31.10.2016
Hochschule

Bundestagsabgeordnete besuchen Healthcare-Zentrum

Den Beginn ihrer sitzungsfreien Woche im Bundestag nutzen die CDU-Abgeordneten Dr. Roy Kühne (Wahlkreis Goslar-Northeim-Osterode) und Fritz Güntzler (Göttingen) am Montag, 31. Oktober, für einen Besuch am ZHT Zentrum für Healthcare Technology der PFH Private Hochschule Göttingen.


Prof. Dr. Frank Albe, Fritz Güntzler (MdB) und Dr. Roy Kühne (MdB)

PFH-Präsident Prof. Dr. Frank Albe, Fritz Güntzler (MdB) und Dr. Roy Kühne (MdB; v. l.) folgen im ZHT den Ausführungen von Dr. Nadine Hugill.

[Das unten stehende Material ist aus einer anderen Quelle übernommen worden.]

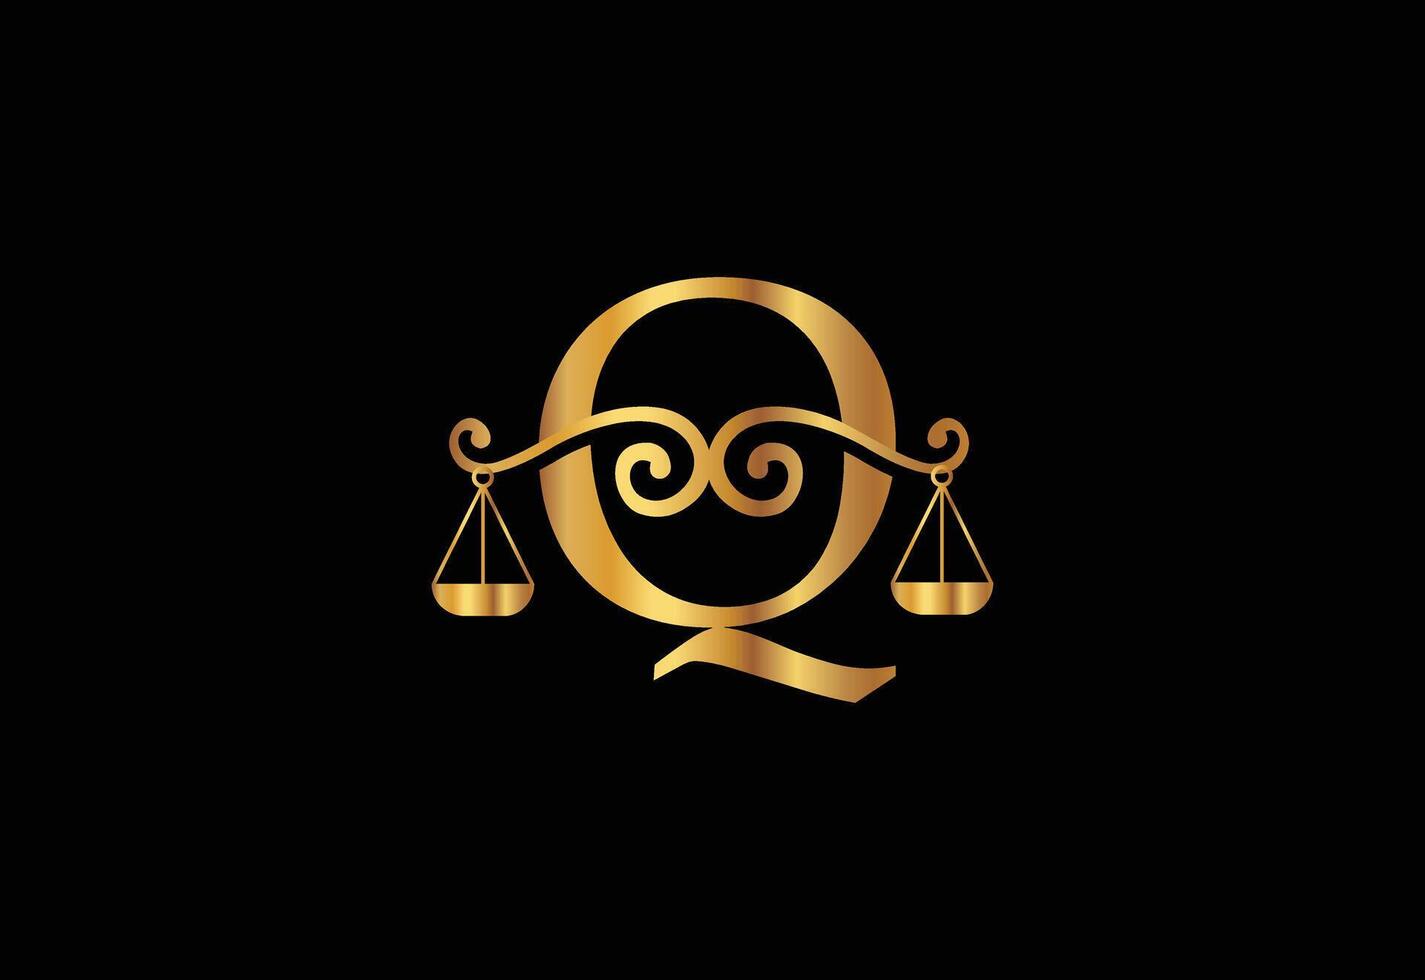 Low firm logo with latter Q vector template, Justice logo, Equality, judgement logo vector illustration

Präsident Prof. Dr. Frank Albe gab den beiden Mitgliedern des Bundestages zunächst eine Einordnung der Positionierung der PFH innerhalb der deutschen Hochschullandschaft. Mehr als 3.000 Studierende sind gegenwärtig in den 26 Campus- und Fernstudienprogrammen eingeschrieben, über 3.500 Absolventen hat die PFH bereits verabschiedet. Die Professoren Siegmar Blumentritt und Frank Braatz erläuterten anschließend aus biomechanischer beziehungsweise medizinischer Sicht das Studienfach Orthobionik der PFH. Dies sei die notwendige akademische, auch international geforderte Ergänzung des Berufsbildes des Orthopädietechnikers, berichtete Blumentritt. Was für außergewöhnliche Versorgungen mit den neuesten Entwicklungen im Bereich Neuroprothetik möglich sind, erläuterte Prof. Dr. med. Frank Braatz.

 

In der anschließenden Diskussion vertieften Abgeordnete und Professoren einige Themen rund um die Rahmenbedingungen innovativer Studienangebote, zum Beispiel die BAföG-Berechtigung für Gesellen, die trotz guter Arbeitsmarktsituation ein Studium anschließen wollen. Als Berichterstatter für Heil- und Hilfsmittel liegt Kühne auch die Abrechenbarkeit von Leistungen am Herzen, die zwar nicht zur unmittelbaren Versorgung gehören, aber zwingend notwendig sind, um eine optimale Versorgung der Patienten zu gewährleisten, zum Beispiel interdisziplinäre Absprachen zwischen Ärzten, Physiotherapeuten und Orthopädietechnikern. Auch die Zukunftssituation der Orthobionik-Studiengänge im Ausland, insbesondere in Russland, Asien, im arabischen Raum und in Afrika, kam zur Sprache.

 

Der abschließende Werkstattbesuch gab den Abgeordneten die Gelegenheit, sich mit Studierenden der Orthobionik auszutauschen. Diese berichteten aus dem Studienalltag und stellten verschiedene Orthesen für untere Extremitäten vor. Besonders interessiert zeigten sich die MdBs an den verschiedenen Bildungswegen der Studierenden, die sich teils direkt nach dem Abitur, teils aber auch nach vorhergehenden Ausbildungen oder bereits abgeschlossenen Studiengängen für Orthobionik immatrikuliert haben.